1. Introduction

Many studies have proven the impossibility of a one-size-fits-all approach to determining optimal diets for overweight and obese patients. What has been shown in various works devoted to the study of gene polymorphisms associated with obesity and their interaction [5].

Apart from genetic factors, human leptin is encoded by the leptin gene on chromosome 7q32.1 [2,3]. It is highly polymorphic, and a number of single-nucleotide polymorphisms (SNPs) have been found in promoters, exons, and introns regions of this gene [1,4]. Several studies have reported the associations of human leptin gene with obesity, insulin resistance, and diabetes mellitus across different population [3,5,7]. From which, leptin promoter G2548A (rs7799039: guanine > adenine) polymorphism was reported to be associated with increased leptin level, obesity, breast cancer, insulin resistance, and T2DM in many populations [9].

The most common causes of obesity are eating disorders, genetic predisposition, physical inactivity, endocrine system disorders, and environmental factors. There is evidence of a clear relationship between high consumption of sugary drinks and weight gain.
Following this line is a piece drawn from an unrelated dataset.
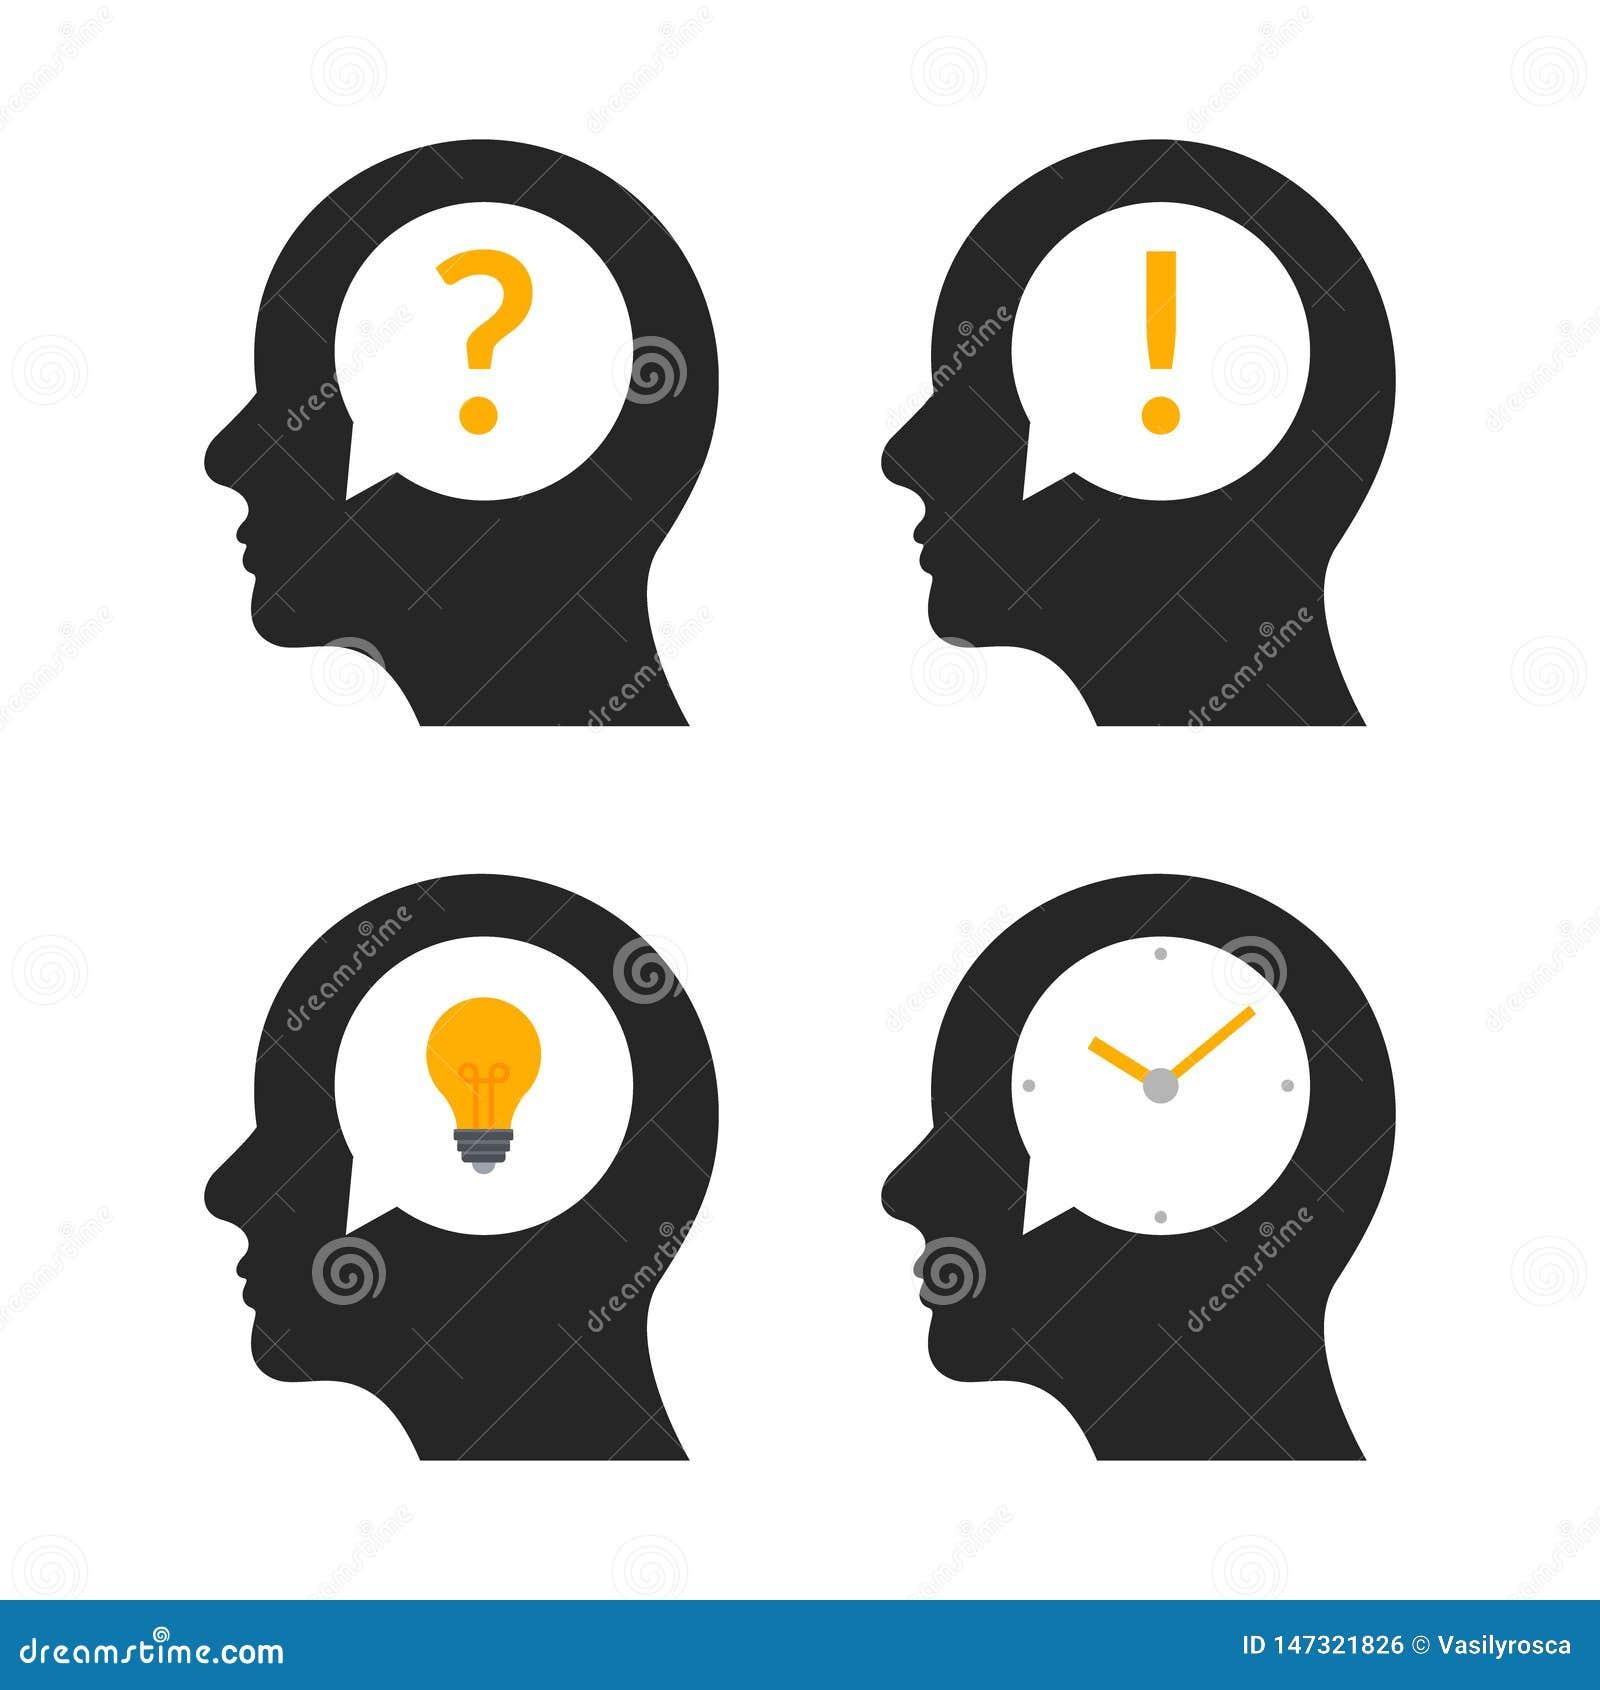 Idée De Photo De Profil profil principal humain d'idée de cerveau icône créative d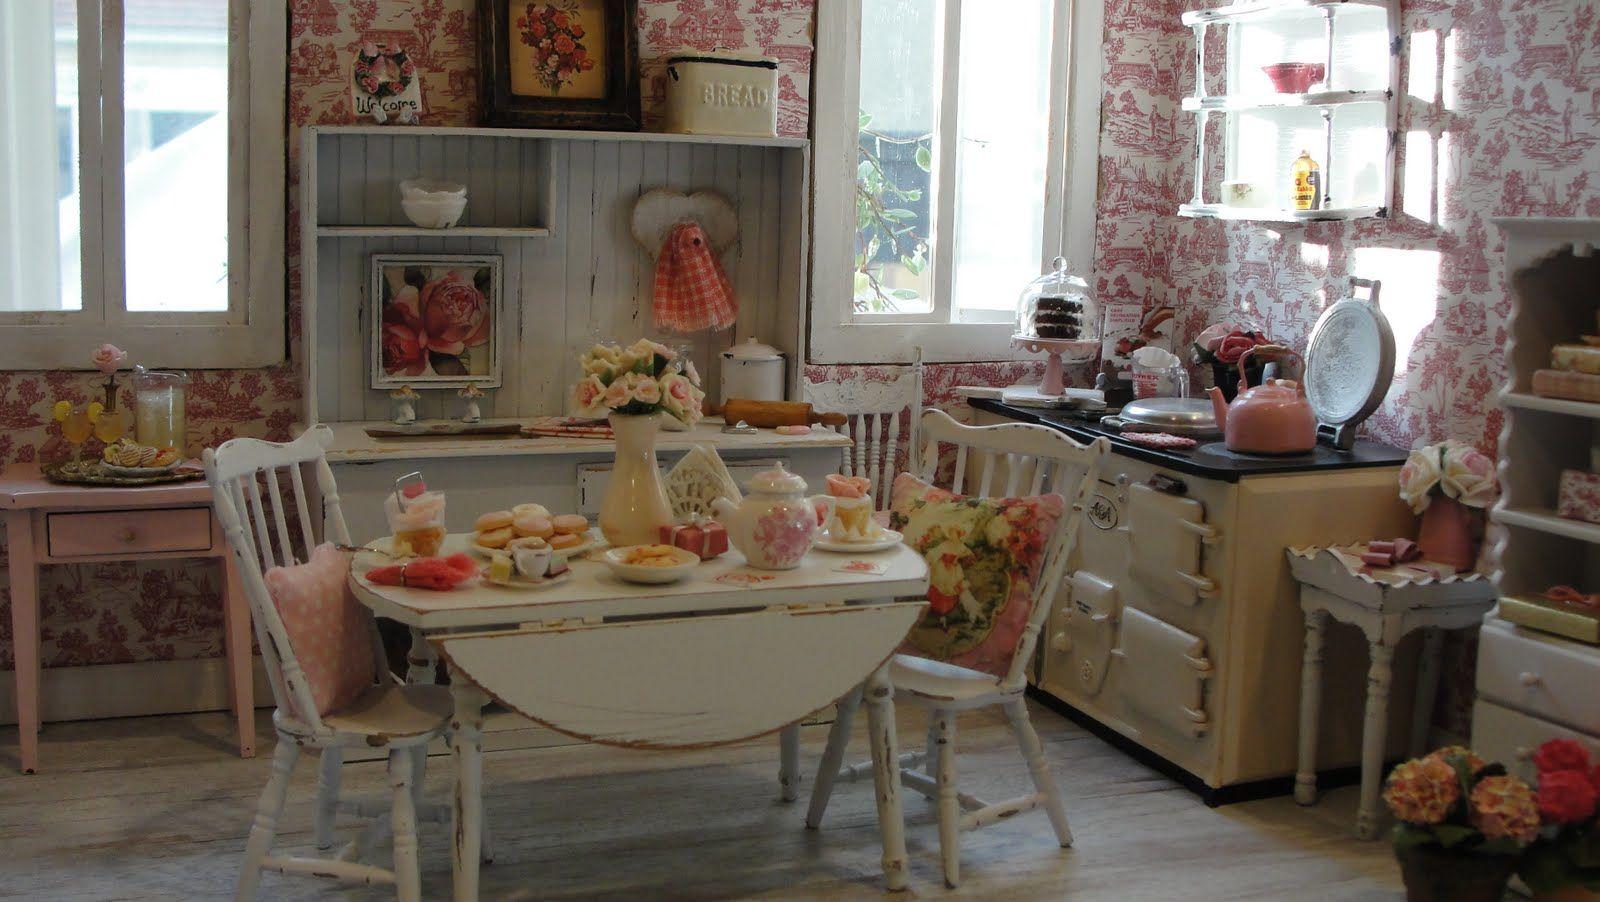 Miniature shabby chic kitchen scene for blythe pinterest - Kitchen chic ...

Since 1990, there has been a significant increase in the number of people with obesity, primarily associated with the promotion of sugary carbonated drinks. A combination of moderate physical activity and a dietary change to less than 30% total fat, including less than 10% saturated fat, resulted in long-term excess weight loss, according to a study in Finland on diabetes prevention [2,3,8].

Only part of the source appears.